| Aim of the task |
Would you please transcribe, exactly as written, the lines of the entries below starting at the one that holds "Melissa Kruse Photography" and ending at the one that holds "ASICS damen GEL-KAYANO", both included?

| Material shown |
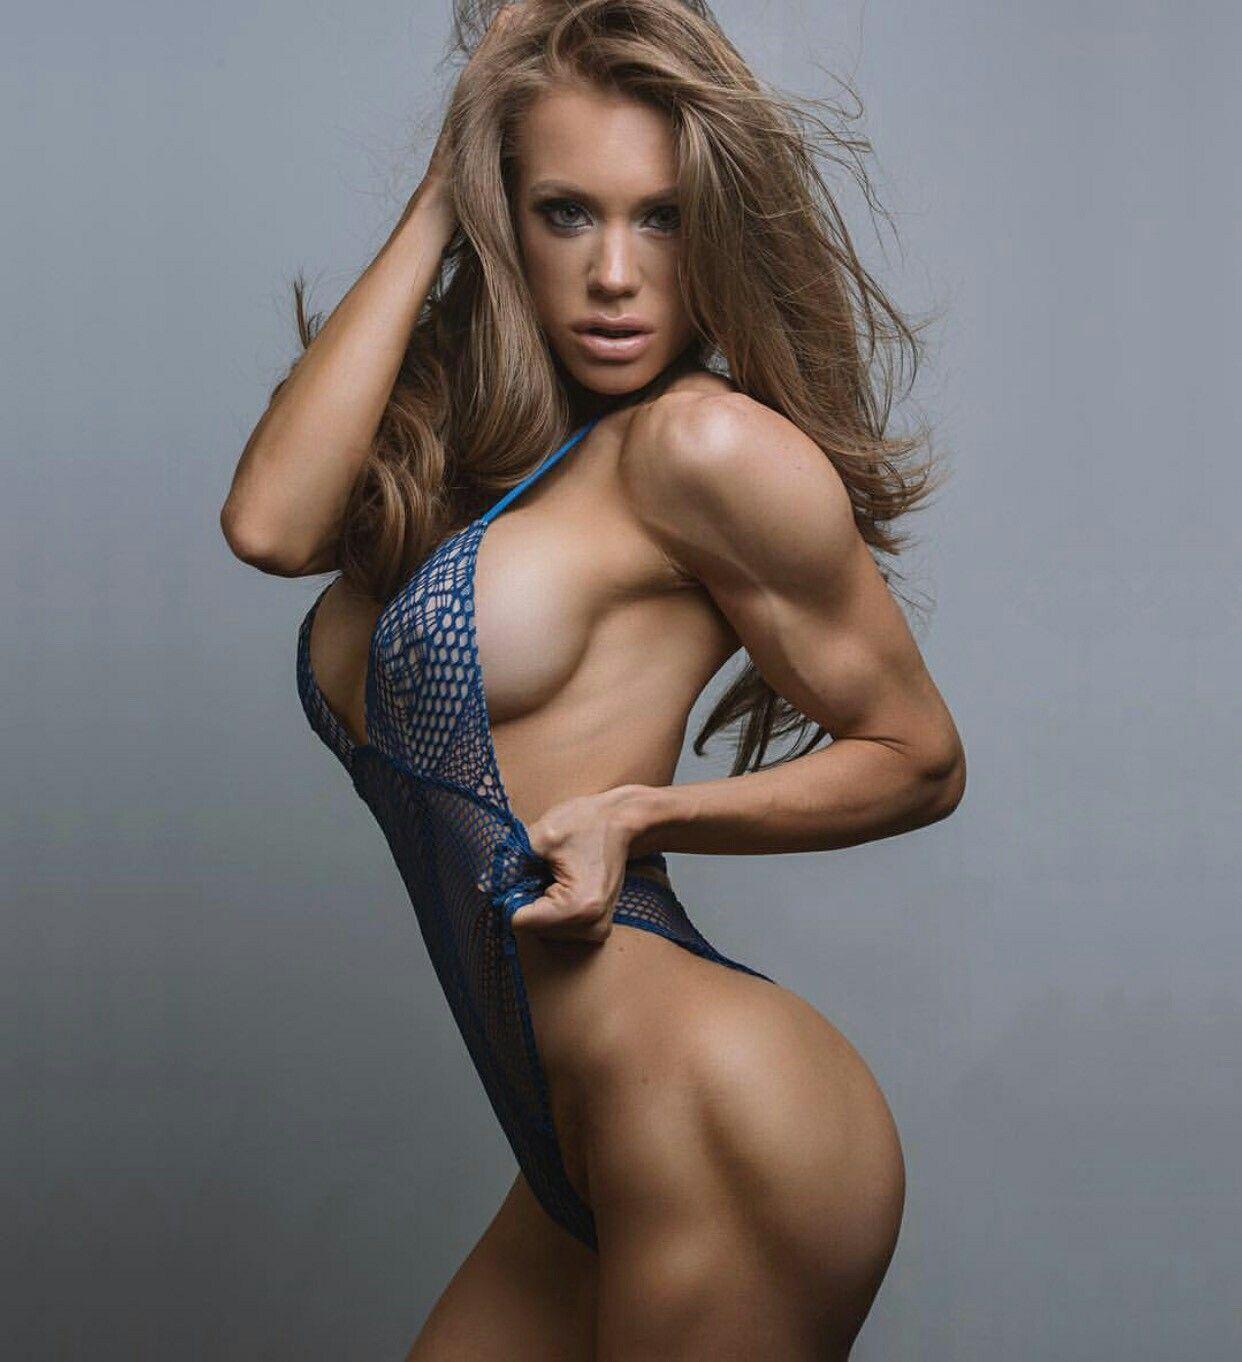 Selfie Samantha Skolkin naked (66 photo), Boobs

...

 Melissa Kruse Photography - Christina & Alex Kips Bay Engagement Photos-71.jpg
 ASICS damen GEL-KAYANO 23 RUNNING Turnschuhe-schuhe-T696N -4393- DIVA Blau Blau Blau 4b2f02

* * *

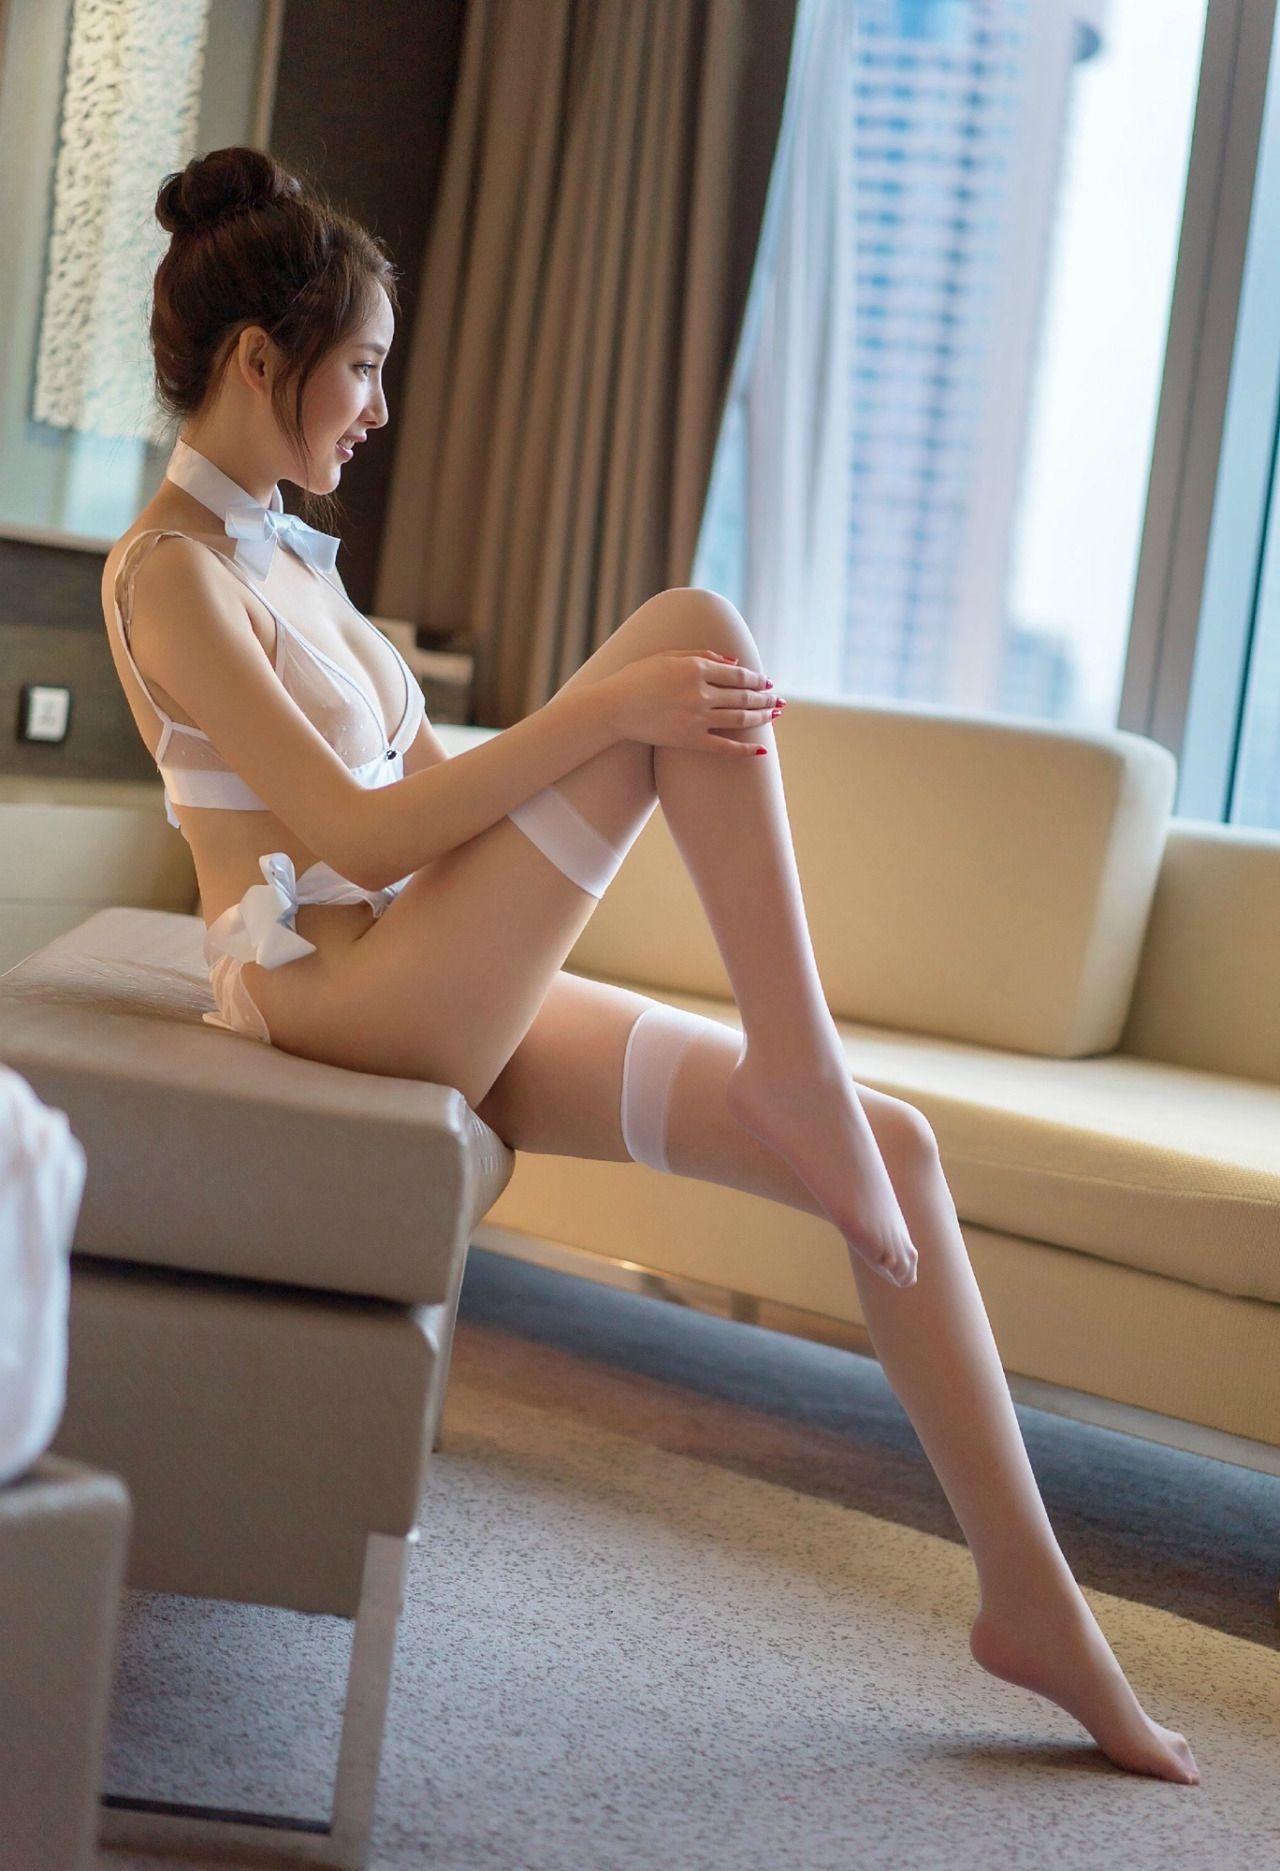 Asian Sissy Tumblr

| Exercise result |
 Melissa Kruse Photography - Christina & Alex Kips Bay Engagement Photos-71.jpg
 ASICS damen GEL-KAYANO 23 RUNNING Turnschuhe-schuhe-T696N -4393- DIVA Blau Blau Blau 4b2f02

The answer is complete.